> _What you have to do_
Please transcribe the data below in full. Omit any picture you find in it.

> _Supplied data_
_ _ _ _ _ _ _
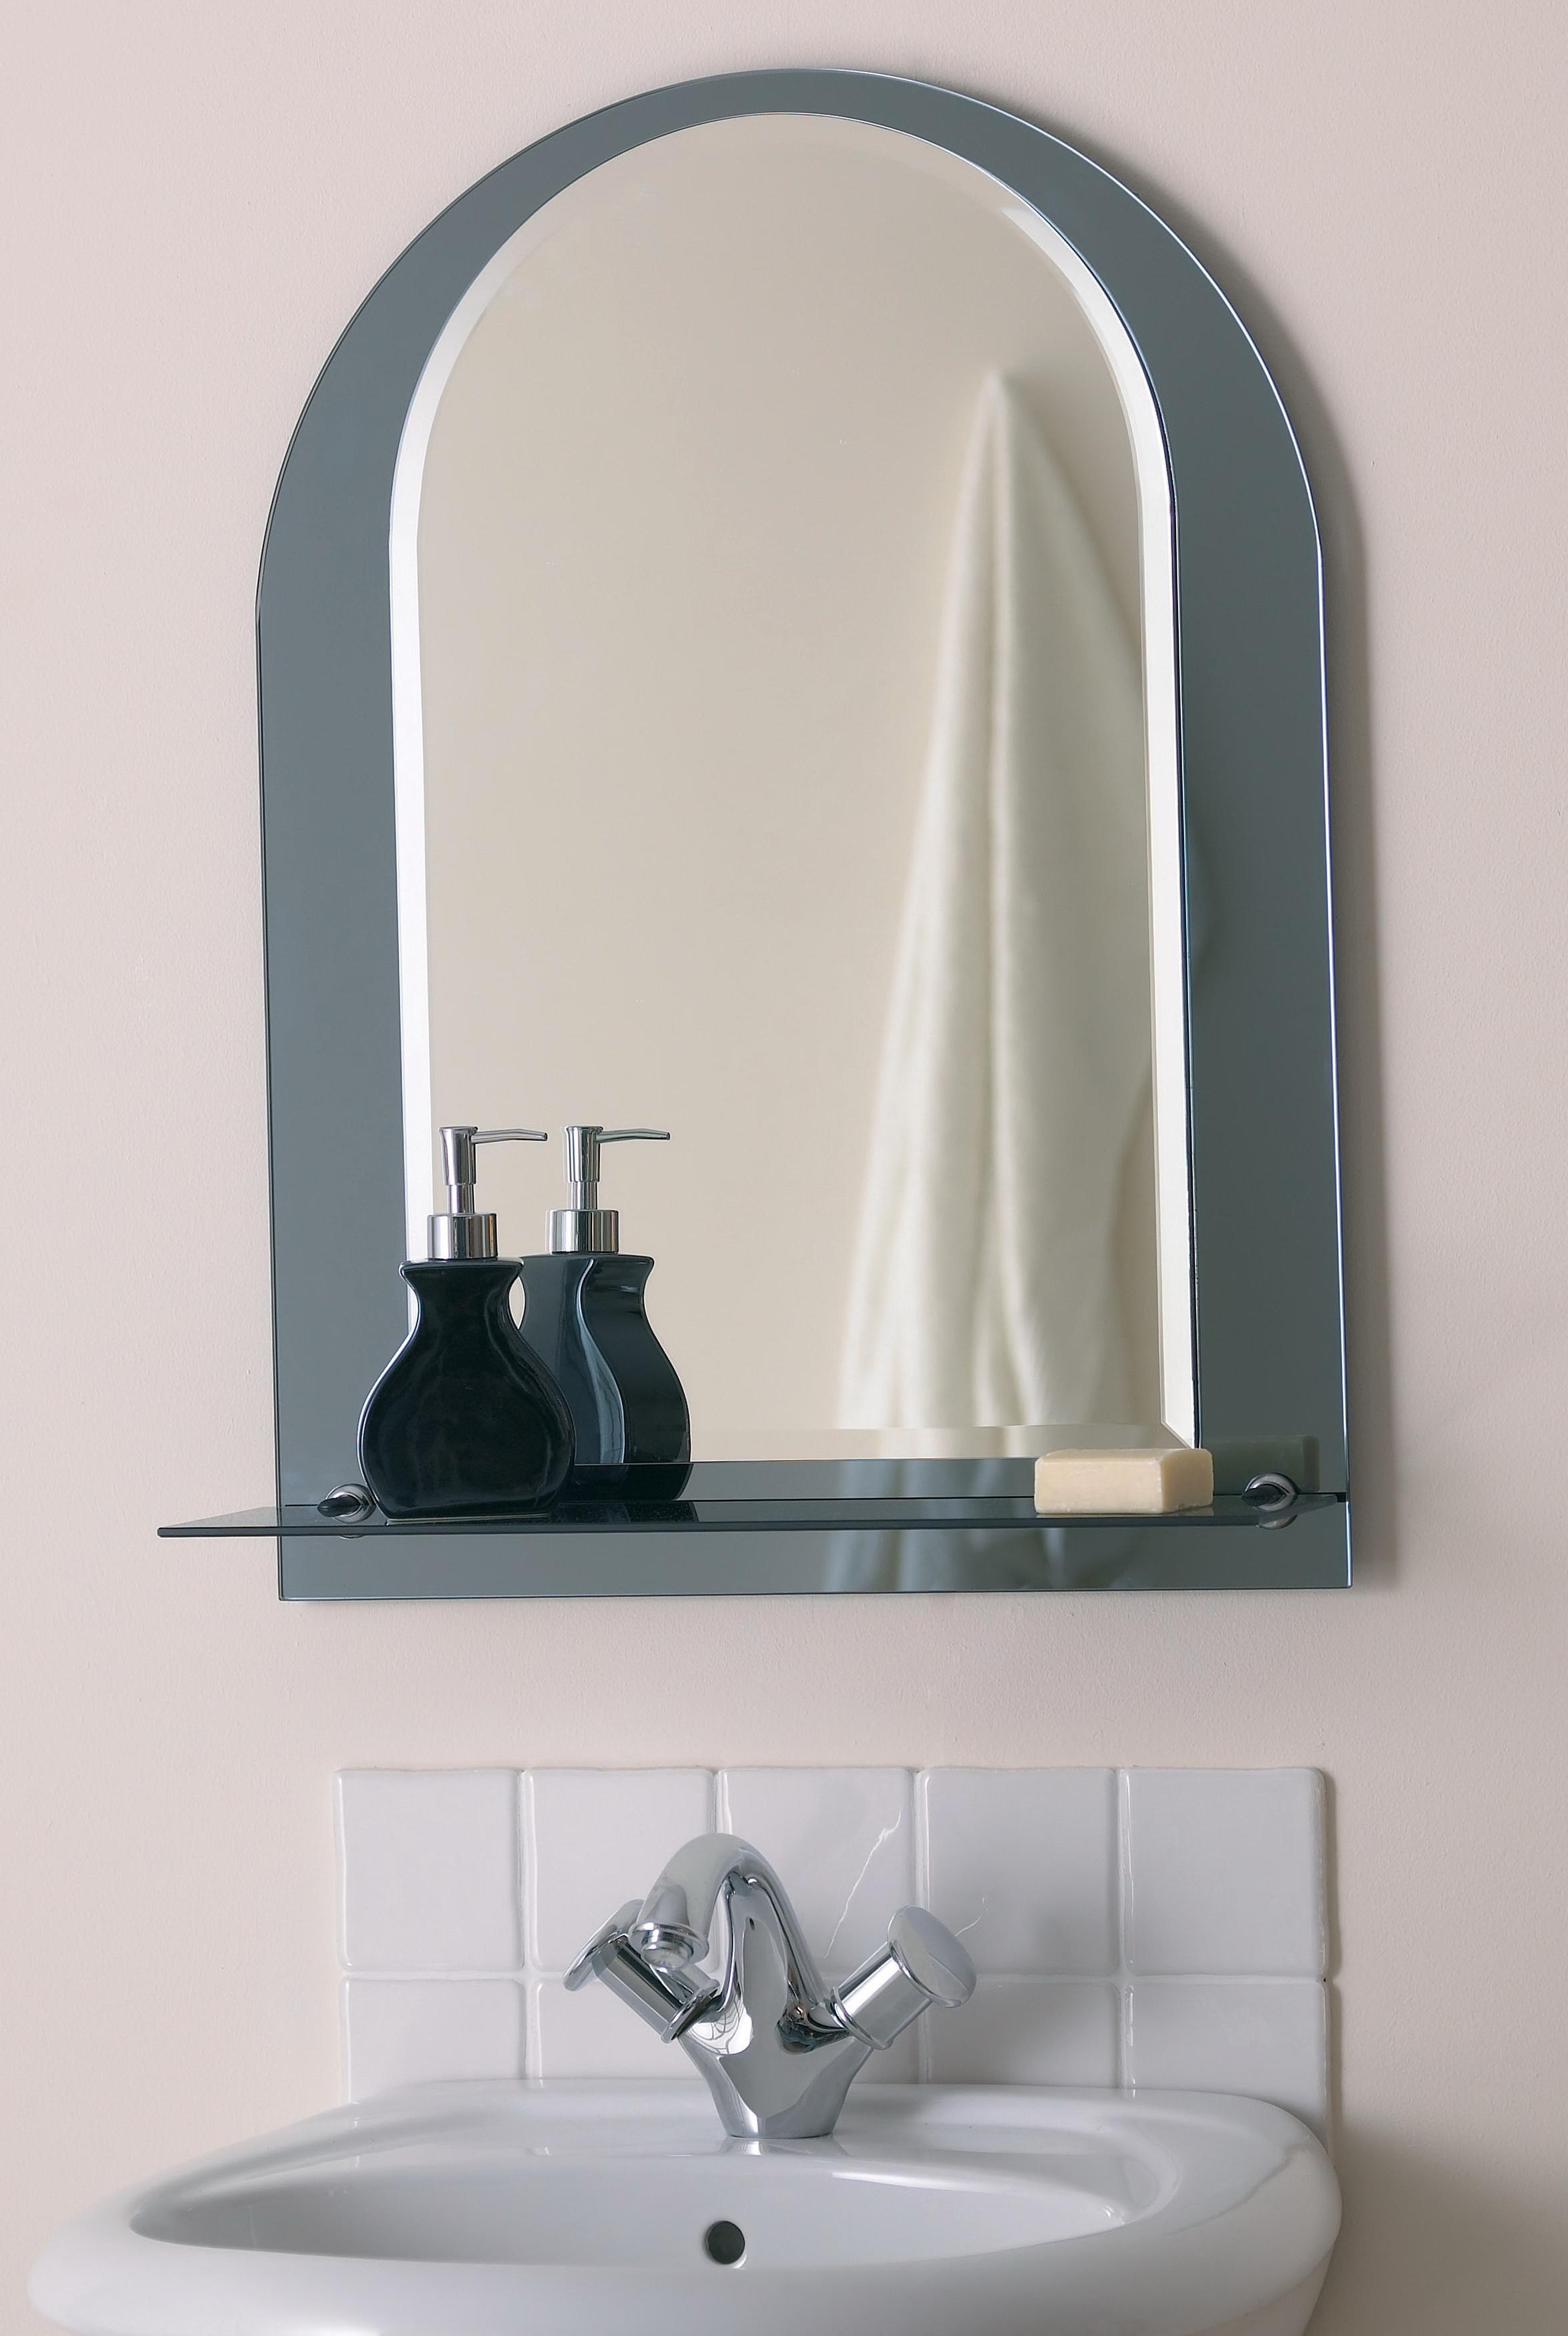 Bathroom Mirror With Shelf Attached Home Design Ideas
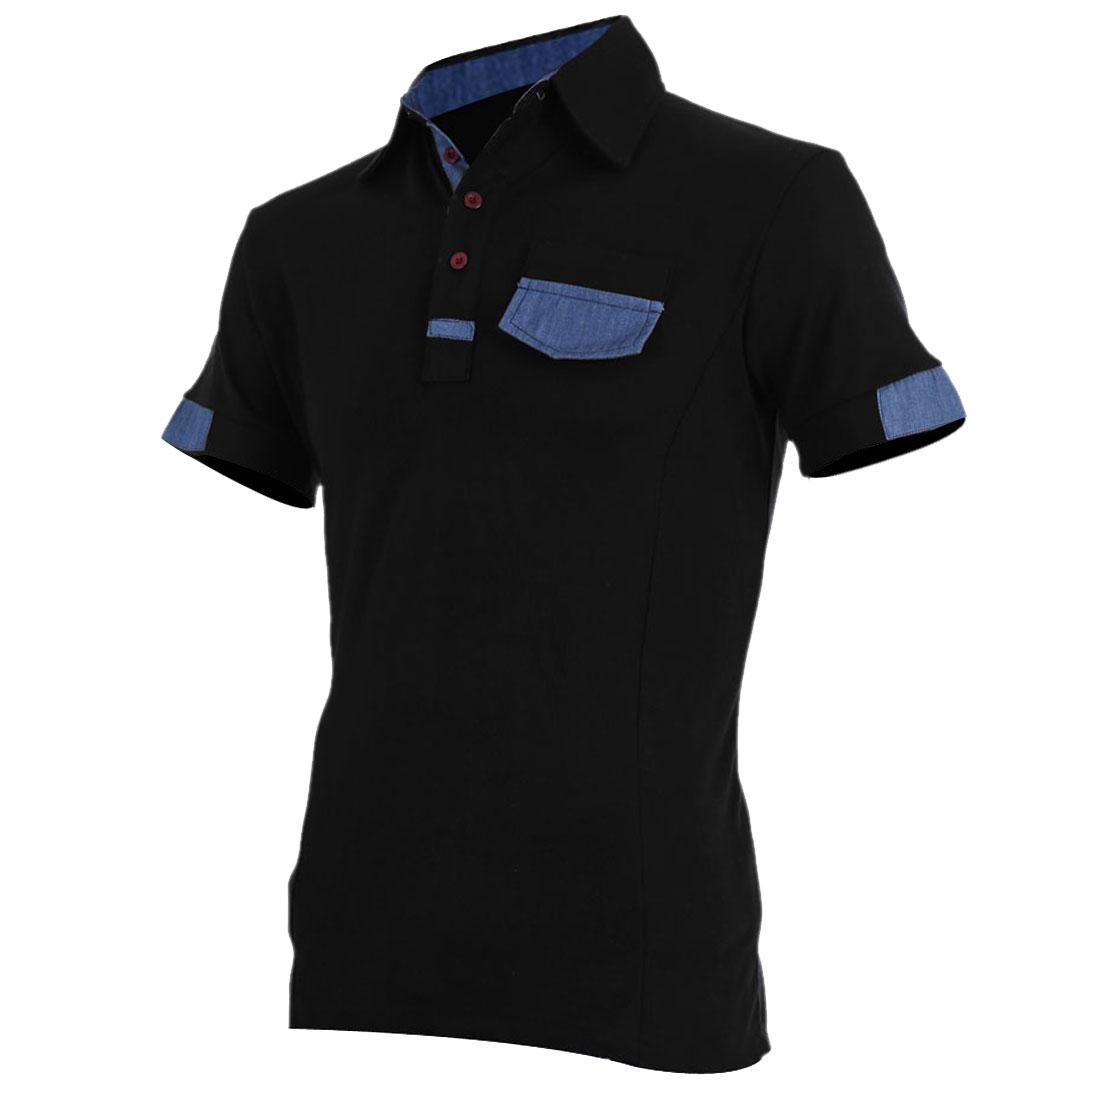 Men Fake Chest Pocket Decor Fitted Short Sleeve Polo Shirt Black M
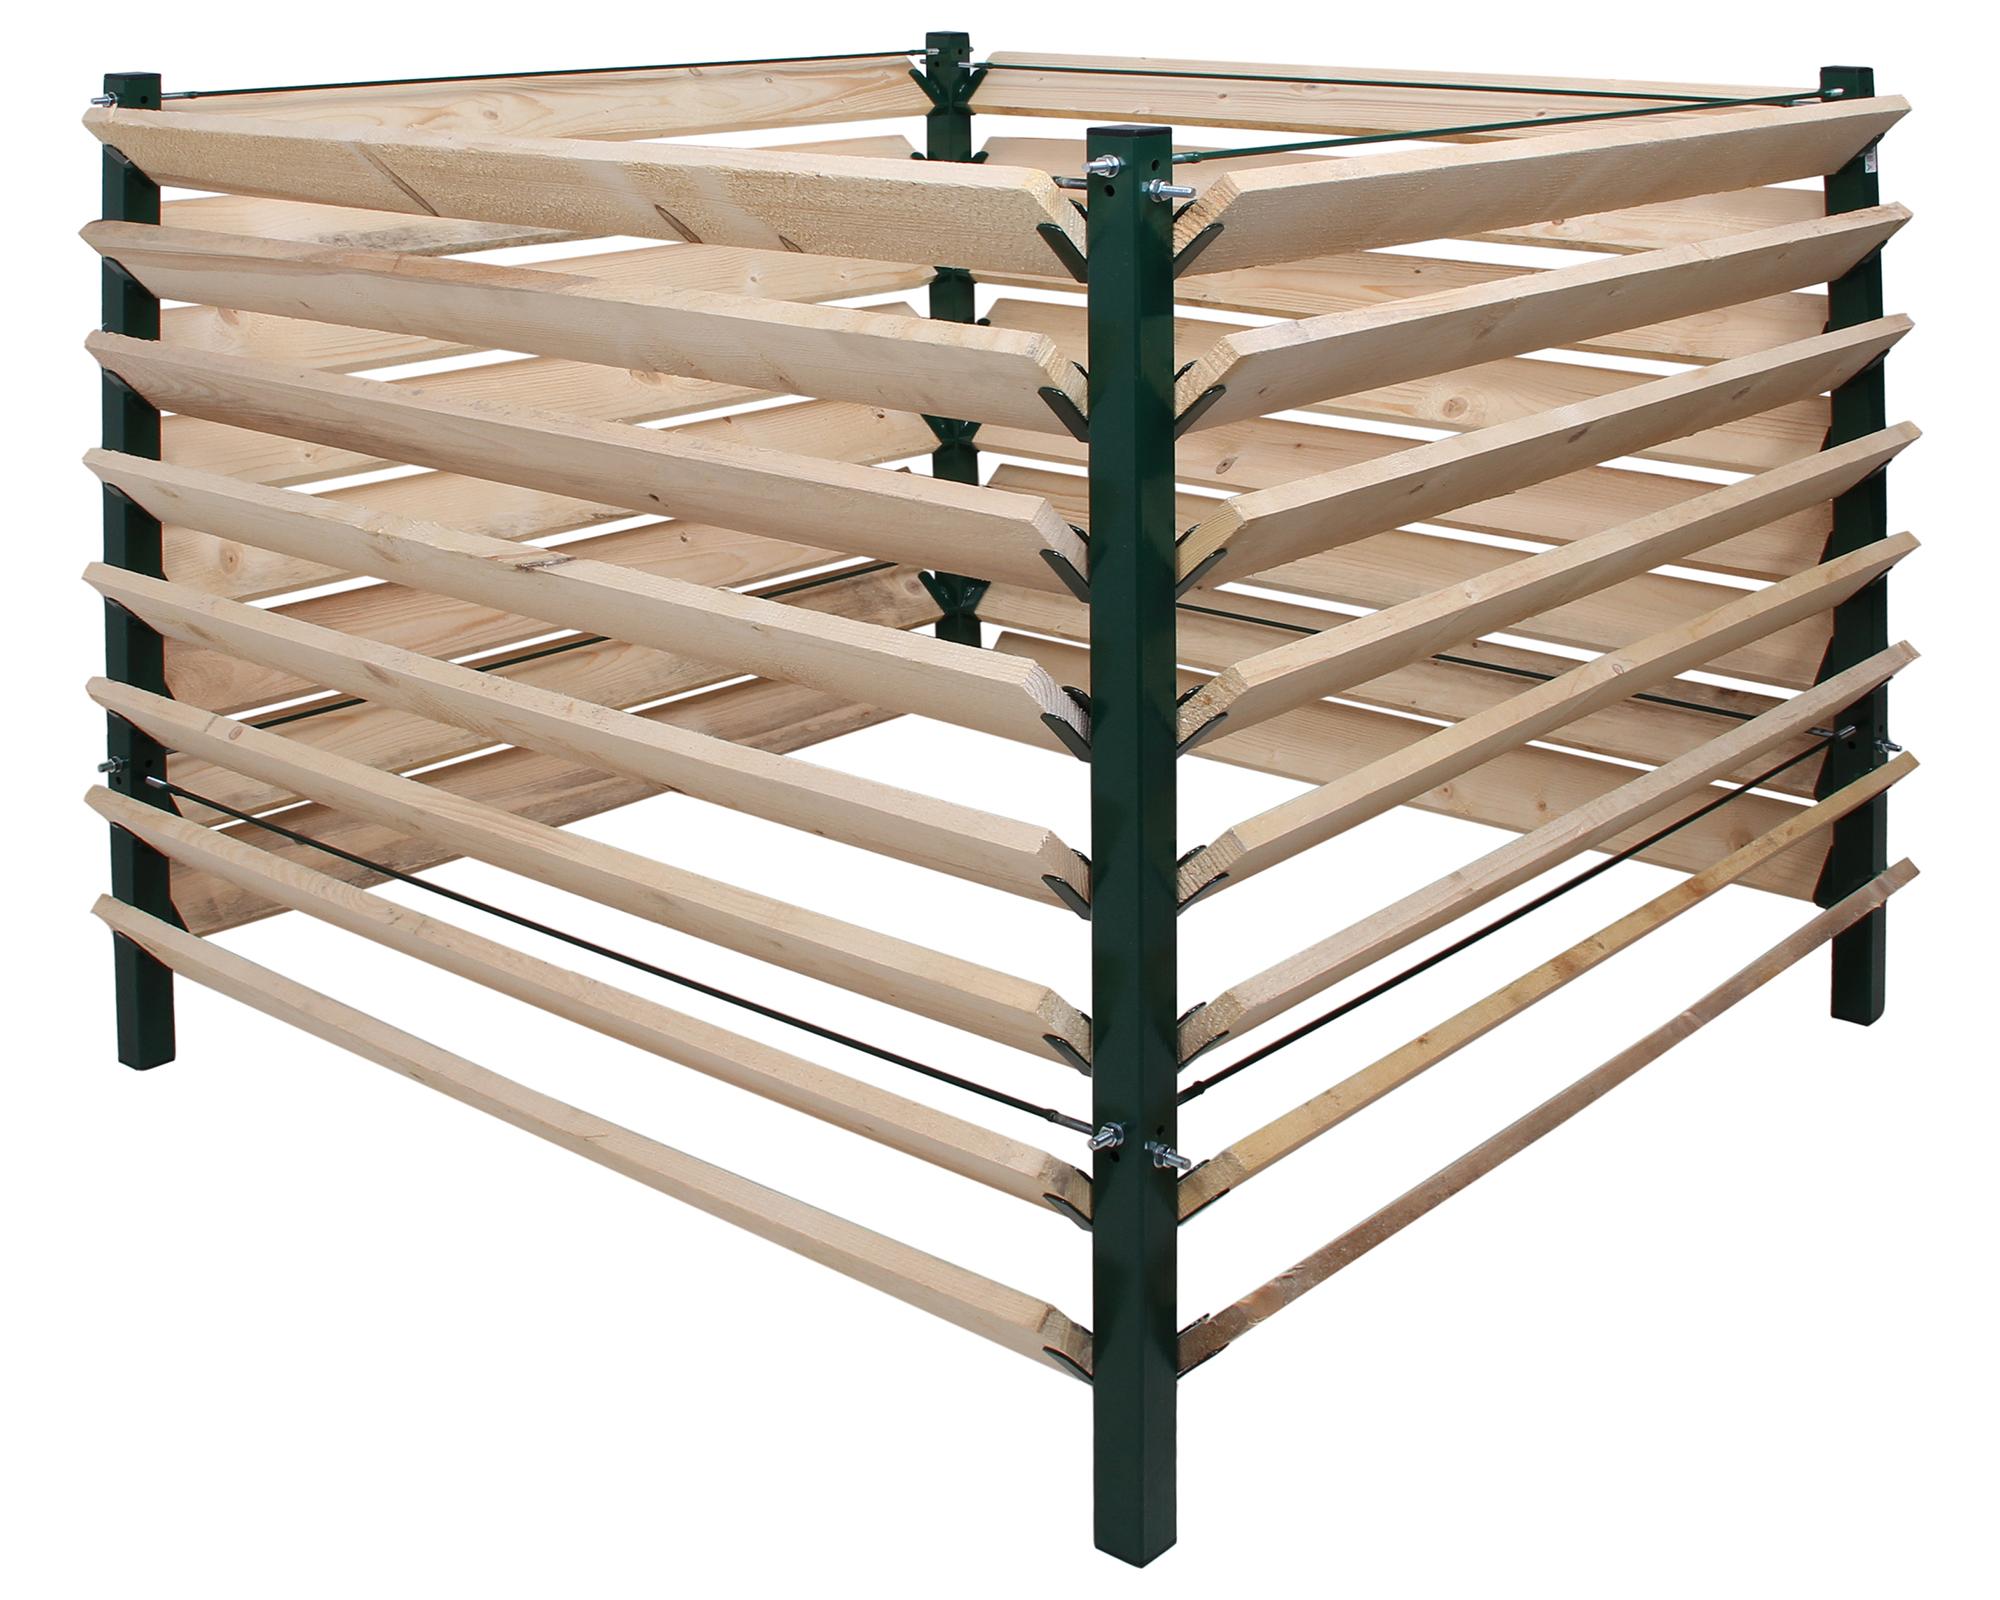 ondis24 komposter kompostsilo avangarde 1300 g nstig. Black Bedroom Furniture Sets. Home Design Ideas
_ _ _ _ _ _ _
> _Exercise solution_
 Bathroom Mirror With Shelf Attached Home Design Ideas
 Men Fake Chest Pocket Decor Fitted Short Sleeve Polo Shirt Black M
 ondis24 komposter kompostsilo avangarde 1300 g nstig. Black Bedroom Furniture Sets. Home Design Ideas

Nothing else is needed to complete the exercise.